Операции и методы лечения, изложенные в этой книге, отражают уровень медицины XVI века. Хотя в те времена уже существовали хирургические приемы, не претерпевшие особых изменений по сей день, да и лечебные травы действуют точно так же, как и четыре века тому назад, хотелось бы настоятельно предостеречь благосклонного читателя от подражания описанным рецептам и применения на практике почерпнутых в романе знаний.

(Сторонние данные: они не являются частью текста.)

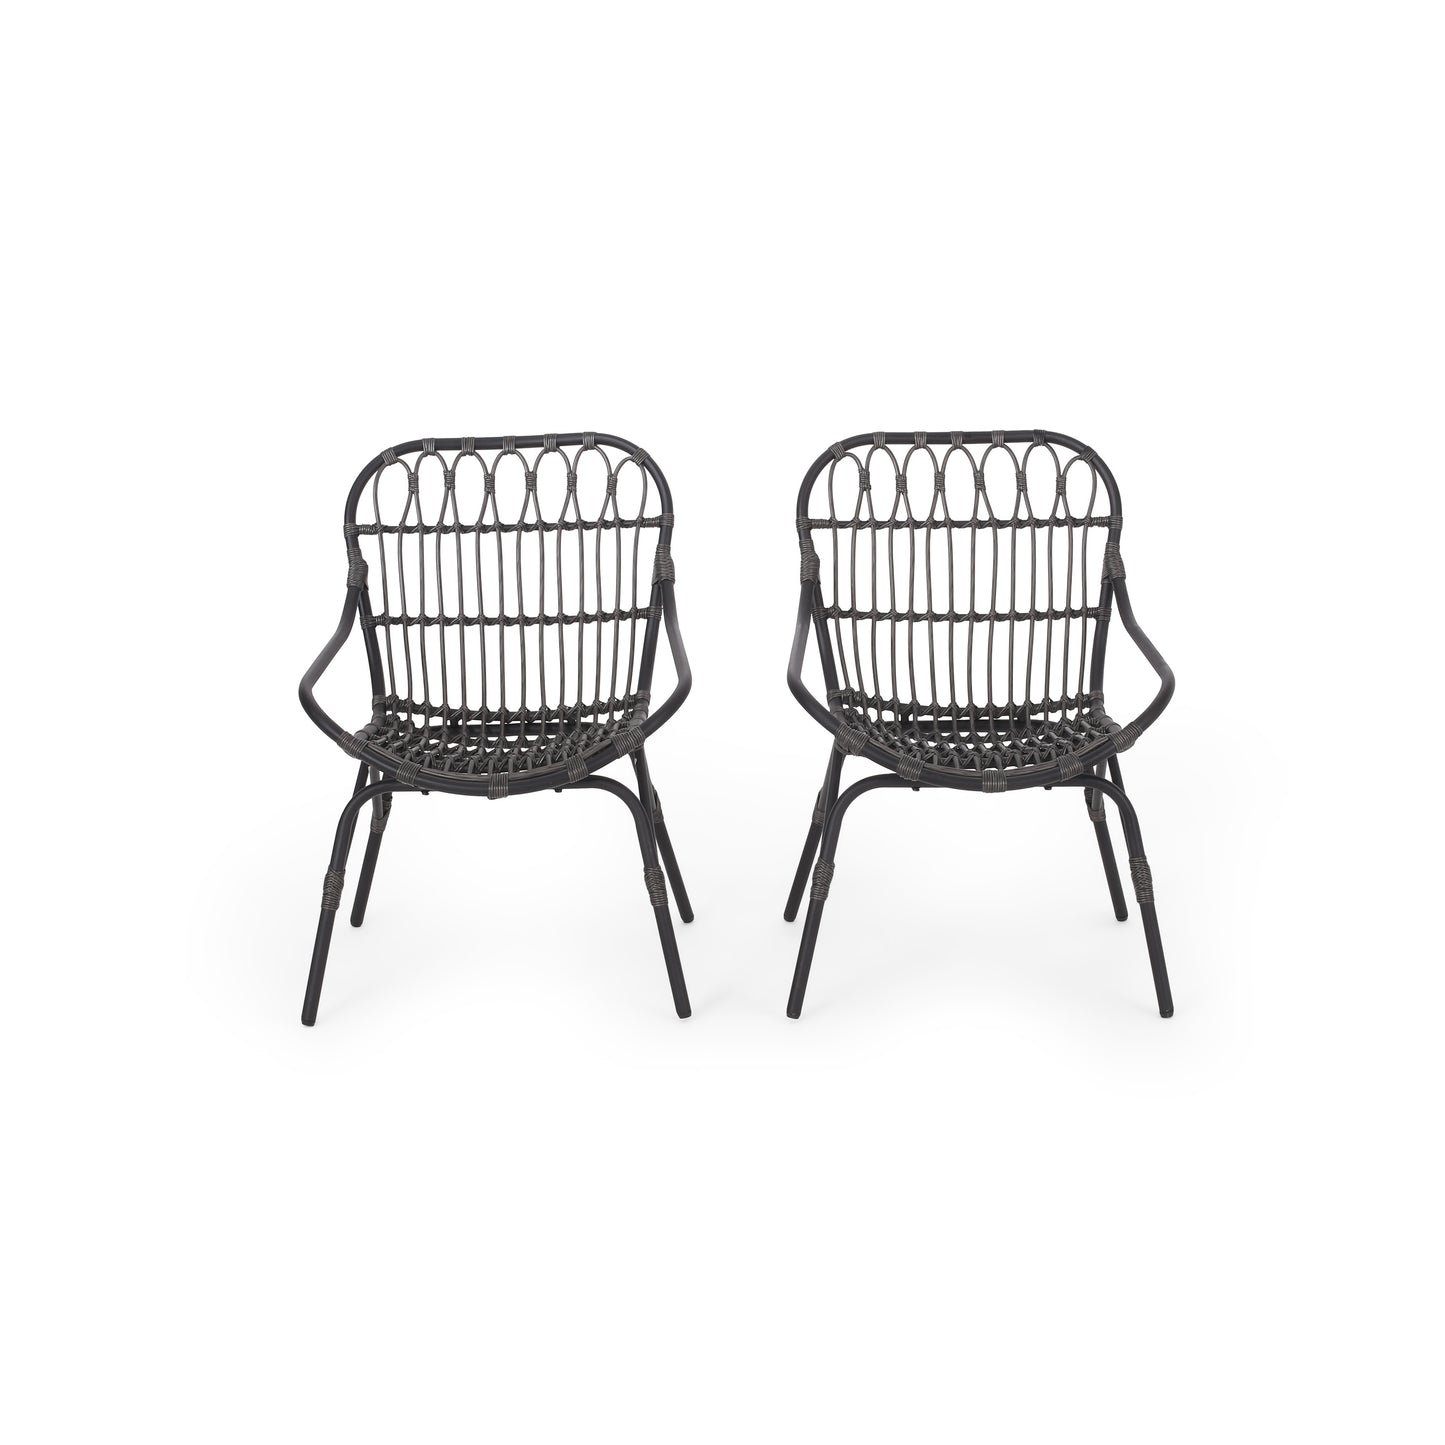 Barrister Outdoor Wicker Accent Chairs, Set of 2

В который раз за это утро отцом Томасом овладело смутное беспокойство, какое-то глухое предчувствие, если не подспудная тревога. Все эти ощущения были ему хорошо знакомы и всегда настораживали, поскольку довольно часто оправдывались в дальнейшем. Вот и сегодня, казалось бы, все шло своим чередом. Был ясный, хотя и холодный, мартовский день 1579 года от Рождества Христова, и ничто не предвещало каких-либо неожиданностей. Как всегда, вскоре после заутрени пришли его ученики из окрестных деревень, прочли вместе с ним в часовне утреннюю молитву и теперь сидели в маленькой, с грехом пополам натопленной каморке, окна которой выходили во внутренний двор монастыря. Низко склонившись над грифельными досками, они торопливо царапали каракули.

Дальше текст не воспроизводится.